23年薔薇友訪問記2、井上さんの庭
井上さんとは20数年前、私が薔薇を始めた時からの家内共々の薔薇友です。
最初は愚犬を通して、近くに行ったら挨拶する程度の犬仲間でしたが、私は当時ガーデニングにはまっていて、空間を埋めるためにツルバラを2本植えましたが、その3年後大型に成長した薔薇花が、私が英国のボーダー花壇に憧れて植えた自然風な草花と全く合わず、知人に抜いて譲ってしまいました。
ちょうどそのような時期、井上さんの庭で改めて薔薇を見させて頂いた時、2mほど伸びたイングリッシュローズのマサコとグレハム・トーマスに出会ったのです。
井上さんは埼玉ばら会に所属していて、以前からハイブリット・ティを栽培してきましたが、好奇心の強い井上さんは、シュラブローズに眼を点け、当時少しずつ始まっていた岐阜のローズ・オブ・ローゼスから苗を取り寄せたのです。
ハイブリット・ティは昔から知っていましたが、ガーデニングを始めても強いて薔薇栽培を始めて見ようと想わなかった、枝が細くしなやかな樹形のこの2本のシュラブローズは私が望む野に咲く自然風な姿の草花とぴったり合うのないかと強い予感が心を貫きました。
その時から私の狭い庭が、イングリッシュローズやオールドローズ、ランブラーローズなどのシュラブローズで90本以上にひしめき合うのに5年はかかりませんでした。
それから20数年、井上さんは私のシュラブローズの戦友ともいえる存在でした。
それから井上さんは、薔薇と犬好きが昂じて、薔薇と3頭の大型犬のために引っ越しを行い、そのための家を建てました。
1階は大型犬3頭のための部屋、とカーポート、薔薇は階上の人工地盤に、地植えとコンテナの両面で栽培しています。
井上さん宅のアプローチは特に見事です。階段を登りながら、どんな薔薇の光景と出会えるのか、胸がときめきます。
階段を登りきると、玄関ドアに近づきますが、この階段途中の薔薇の仕立ても見事です。シュラブ樹形の薔薇の特徴を生かしながら、限られた場所でその能力をめい一杯生かす、井上さんの手腕にはいつも感心させられます。
階段を登り切り、玄関までのアプローチには様々な薔薇が迎えてくれますが、そこに向かわずメインの庭に入ります。

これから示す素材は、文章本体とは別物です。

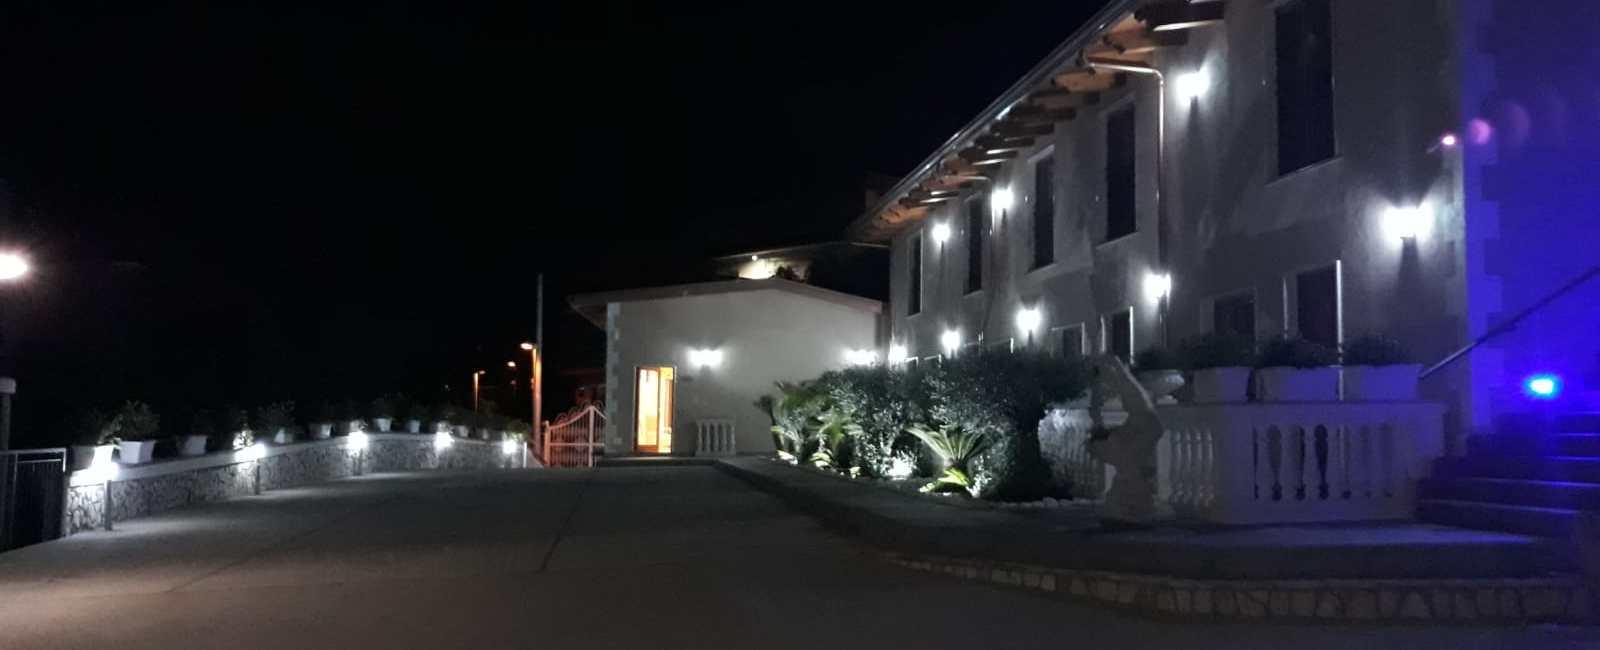 B&B Villa Catiè - La Galleria Fotografica

ここにアーチがあり、これを潜らないと庭に入れません。ここで場面の切り替えが行われる心憎い演出です。
一瞬薔薇の葉が密集した暗いアーチを潜ると、そこは光に満ち満ちた地中海沿岸の光景に変わります。
アーチは1基ではなく3連のアーチが、角度をつけて立っているため複雑な光景が広がります。
井上さんは今なお新しい品種を買い求めています。
風通しが良いため、薔薇の転倒には神経を払っています。また陽当たりと風通しが良いため、これだけ薔薇が密集していても、黒点病は少ないようです。
井上さんの薔薇の圧巻は、下から見上げた時の2階のフェンス際の薔薇です。
レイニー・ブルーもフェンスの外に張り出せばより見事になるでしょう。井上さんは外からの見え方には余り注意を払っていないらしく、むしろ自分たちが楽しめるように、内側の景観を重視しています。こんなことに気をかけていない所が井上さんの良い所です。
2階の人工地盤の薔薇の大半はコンテナ仕立てです。これだけの薔薇は、全て花柄を積んでおり、1個たりとも枯れた花が付いている薔薇は見かけません。
冬は剪定と植え替えで1か月以上はかけています。私も半日以上やらずのんびりやっているので1か月かかりますが、井上さんは早朝から家事をこなしながら1日中行っています。手際のよい井上さんですから、私の3倍以上の仕事をこなしているはずです。
井上さんの庭を見ていると、そのパワーに私も刺激になり、もう少しがんばろうという気になってきます。